(Collected data)
-- -- --

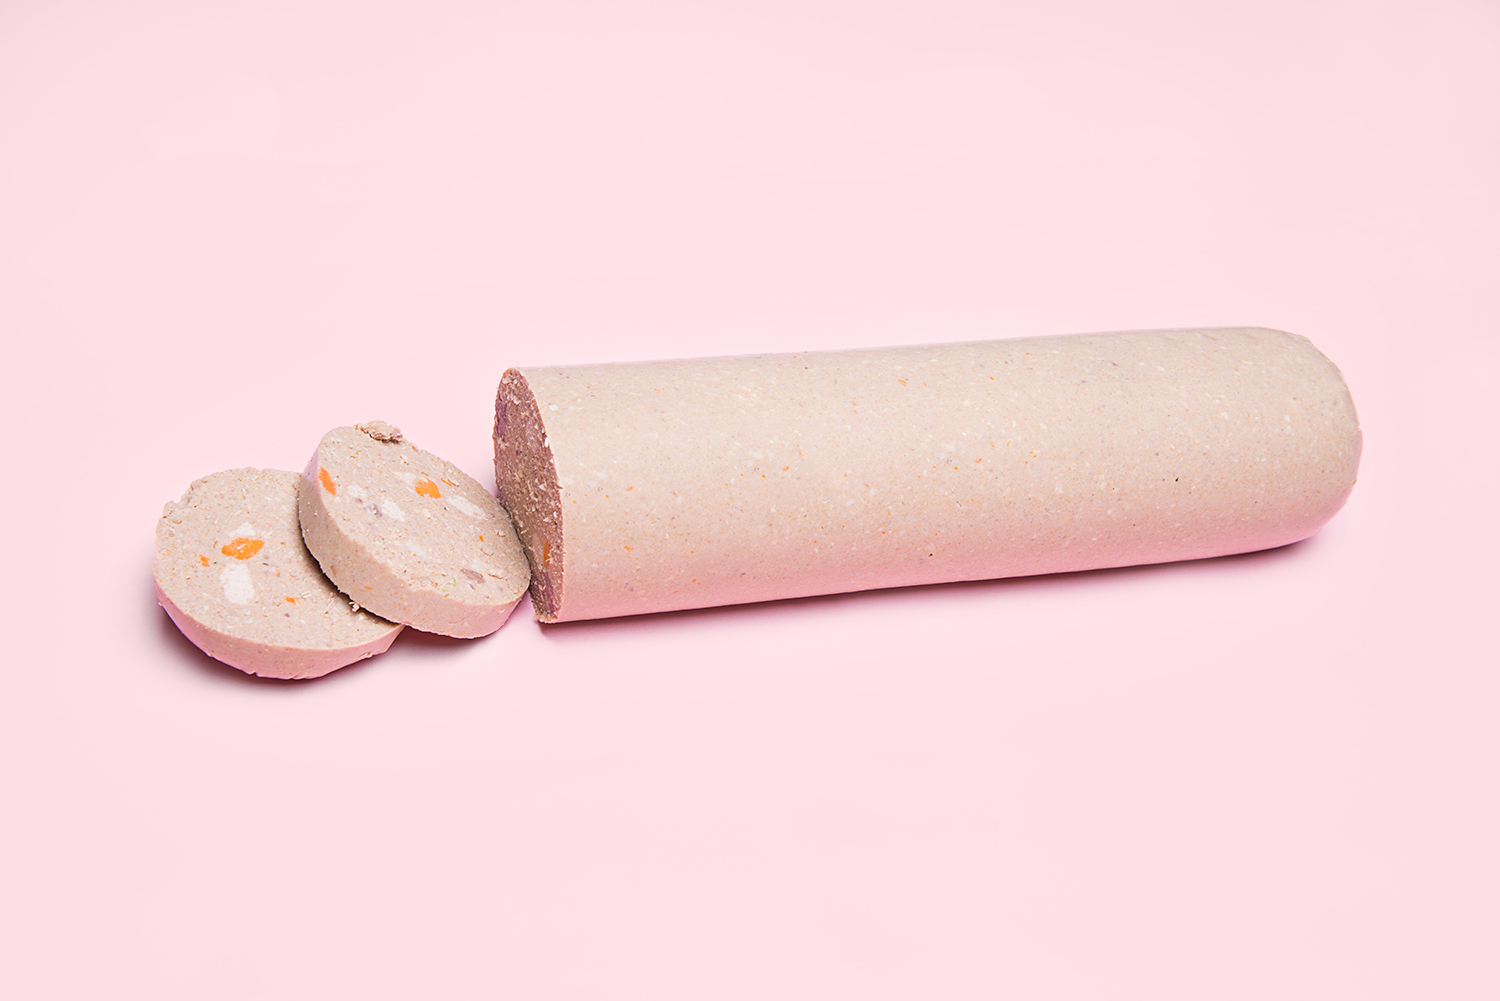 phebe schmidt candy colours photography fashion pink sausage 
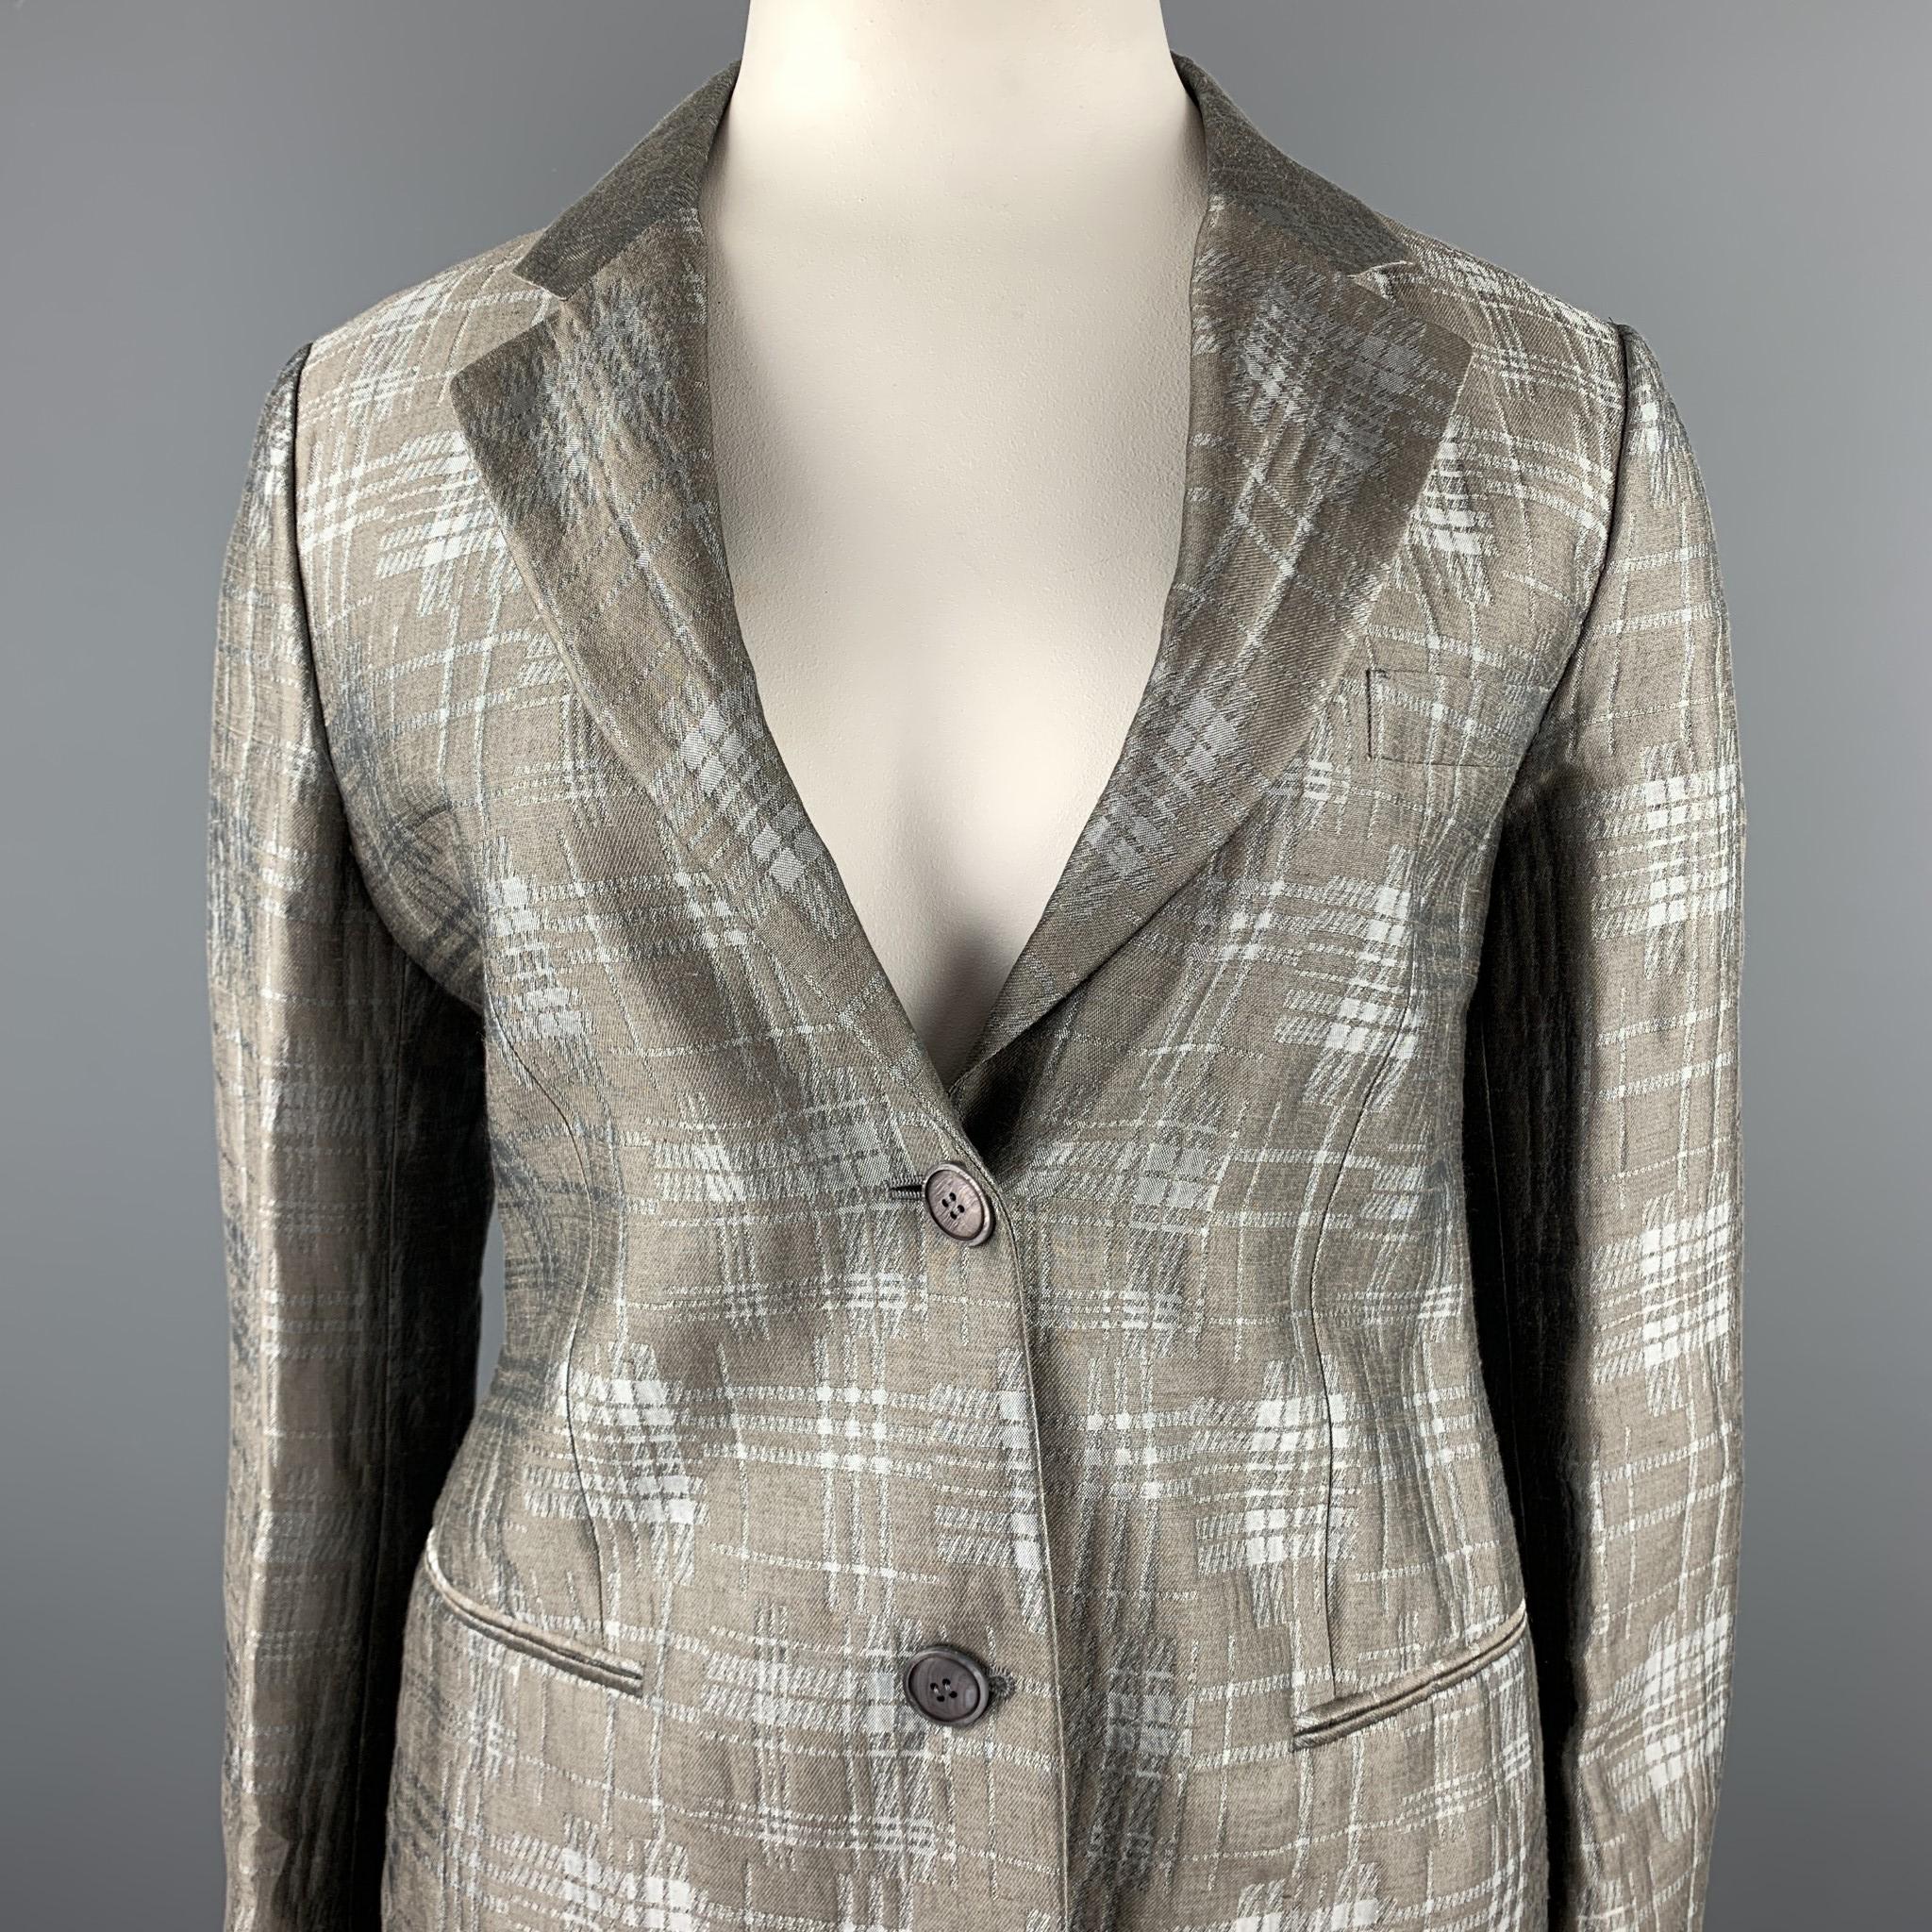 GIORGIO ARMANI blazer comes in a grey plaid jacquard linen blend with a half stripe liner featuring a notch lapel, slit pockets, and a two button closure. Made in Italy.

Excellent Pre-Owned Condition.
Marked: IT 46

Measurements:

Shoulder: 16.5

-- -- --

- [PROBLEM DESCRIPTION] All of the lines above should be copied exactly, apart from the pictures.

- [ANSWER TO THIS PROBLEM]
 phebe schmidt candy colours photography fashion pink sausage 
 GIORGIO ARMANI blazer comes in a grey plaid jacquard linen blend with a half stripe liner featuring a notch lapel, slit pockets, and a two button closure. Made in Italy.

Excellent Pre-Owned Condition.
Marked: IT 46

Measurements:

Shoulder: 16.5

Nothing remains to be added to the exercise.